The human backing for that hope is coming from Tijuana. Jorge Alberto—owner of Tijuana—looks back on Mora’s breakthrough year at 16 and describes how crowds reacted to him everywhere he went. In the Leagues Cup against LA Galaxy. each time he touched the ball the crowd erupted—not just Mexico’s fans but Galaxy supporters as well. Against Club America, when he came off the bench, Club America’s fans stood up and cheered him. “Wherever we go. in every city. rival fans applaud him. ” Alberto said. adding that it shows something “very powerful. ” that Mora is already becoming a figure for the whole country.
Jimenez also claims Mora can inspire the next generation, and with that praise comes the pressure nobody in the stadium will soften.
This is the pair the city idolises as supporters prime themselves to line up down Reforma. Yet there’s a detail that quietly underlines the mood: barely any shirts worn by fans bear players’ names. The jersey is not just a product—it is identity being stitched to the present. and Mexico City is wearing it like it means something bigger than any single player.
In a tournament that has already carried Mexico back toward its own question of who it is on the world stage. the last-16 game against England arrives with the capital both alive and unsettled. On Thursday afternoon. four-on-four kickabout games. bass-heavy street chants. and a crush-related tragedy still sit side by side—one loud. one painfully real.
Now the city waits for Sunday. The Azteca will be full. The streets will empty into noise again. And England will step into a stadium surrounded by a country that has learned how to celebrate loudly—and how to fear what celebration can become when crowds surge too fast.
Mexico City England last-16 World Cup Azteca Ecuador Clara Brugada Raul Jimenez Cesar Montes Harry Kane Gilberto Mora Javier Aguirre
Green shirts = Mexico wins already right?
It’s wild how packed the metro is, like the whole city is just going to chant. Also armed police just leaning there makes it feel tense even if they’re “just watching”.

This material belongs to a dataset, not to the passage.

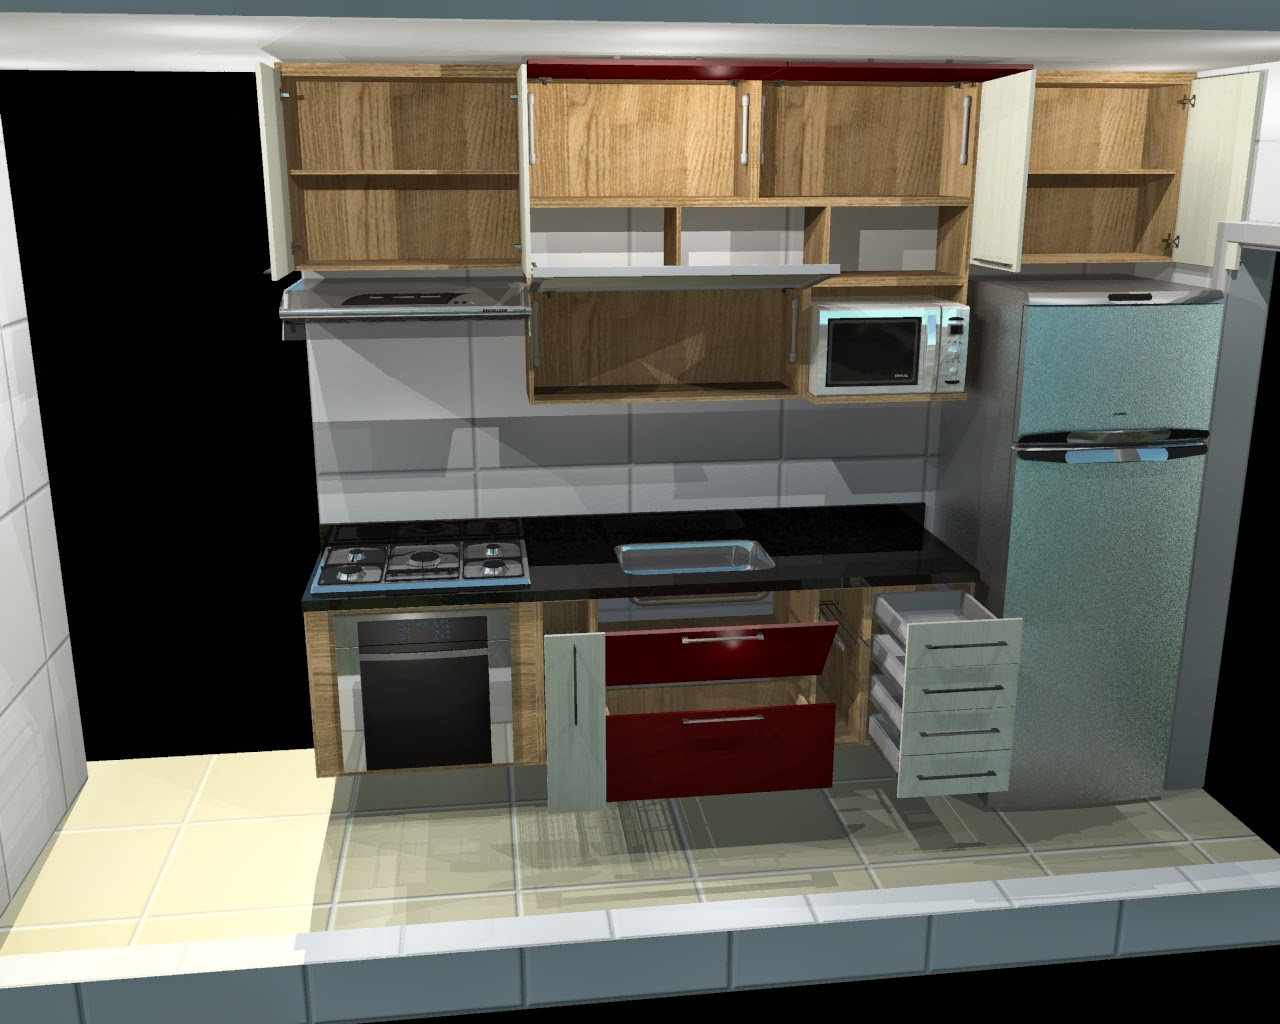 #8B6B40 Móveis da Praça: Cozinhas planejadas para Apartamentos Pequenos 1280x1024 px Projetos De Cozinhas Planejadas Italinea #709 imagens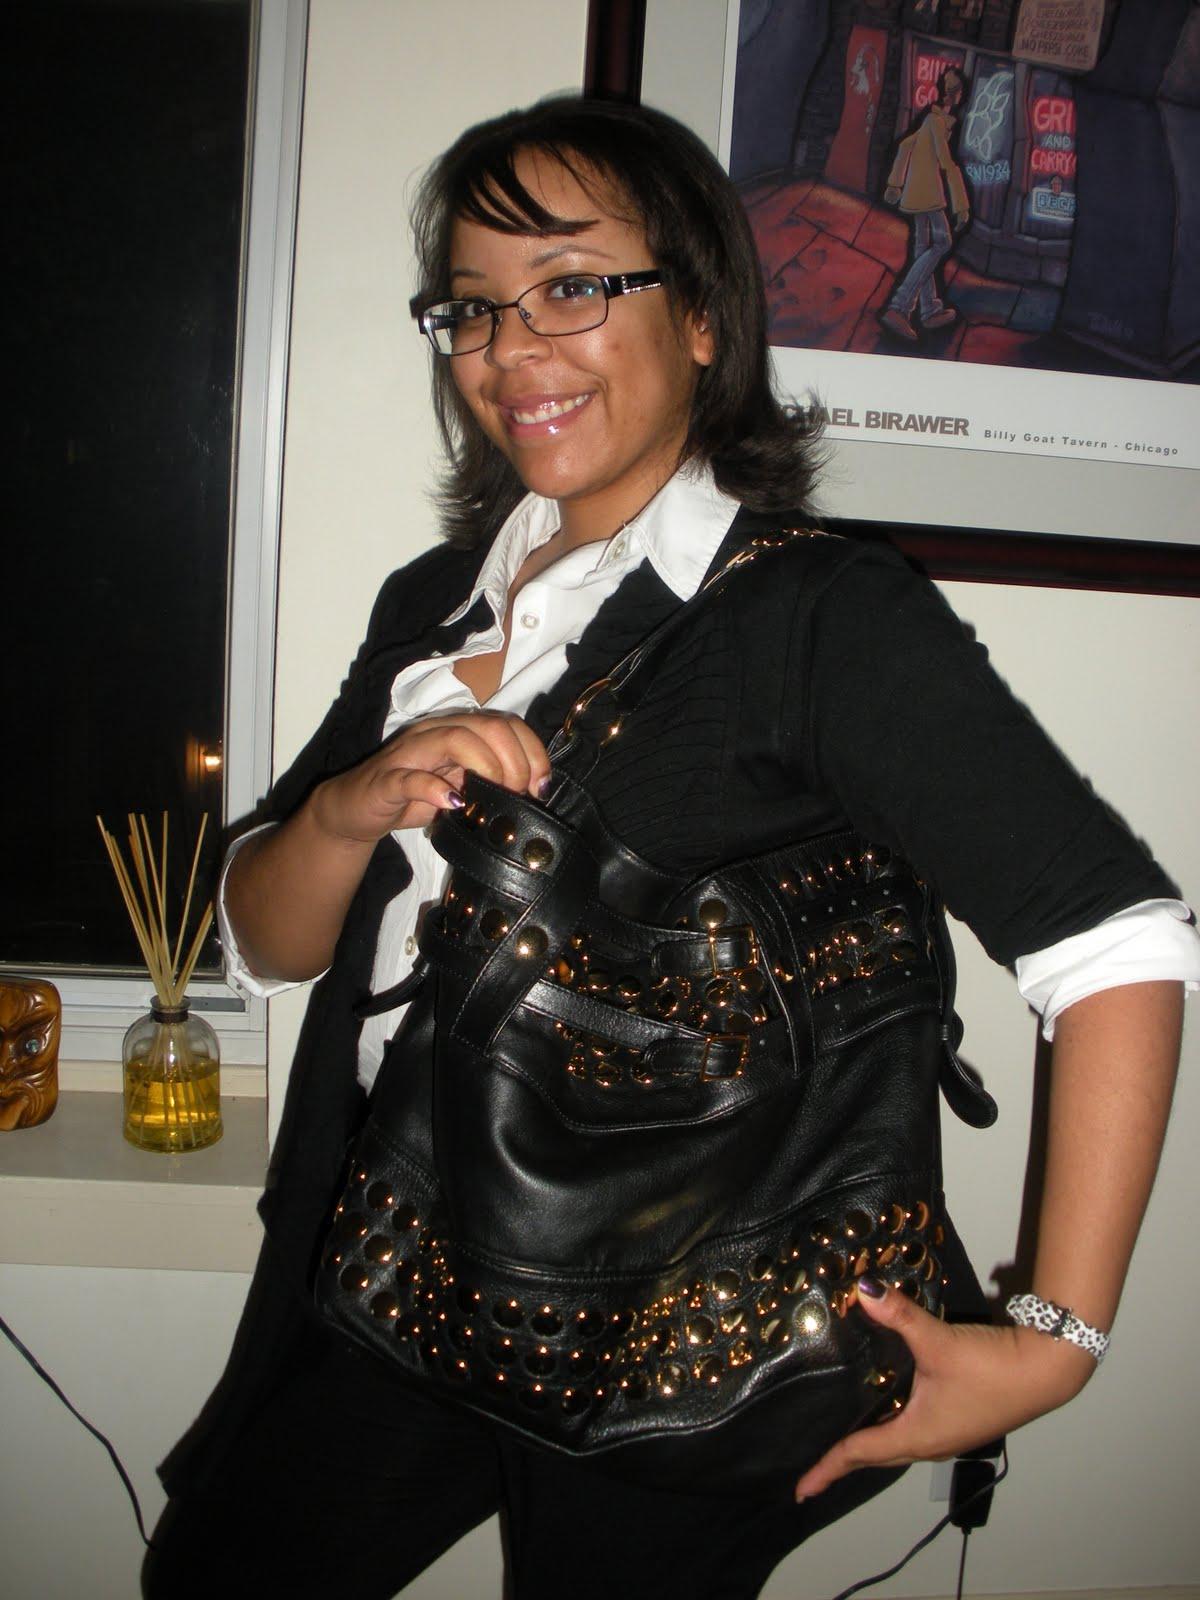 http://4.bp.blogspot.com/_V7lJdZi_T9A/SxBndkh31HI/AAAAAAAAQv0/MGVV59qrKGU/s1600/spoiled+pretty+rebecca+minkoff+stud+devote.JPG

Wait so England fans are wearing green or Mexico fans are?? The title says England gets drowned in colour but then I’m reading about green shirts everywhere so I guess England is the one drowning? And altitude makes it like another defender… so basically the stadium fights back? lol
I don’t trust this “street festival” vibe. Like why are there police barricades if it’s supposed to be fun? Sounds like they’re building up for trouble and then acting surprised when people get hyped. Also England already “arrive” so maybe they’re coming into a trap because Mexico played Ecuador earlier or whatever.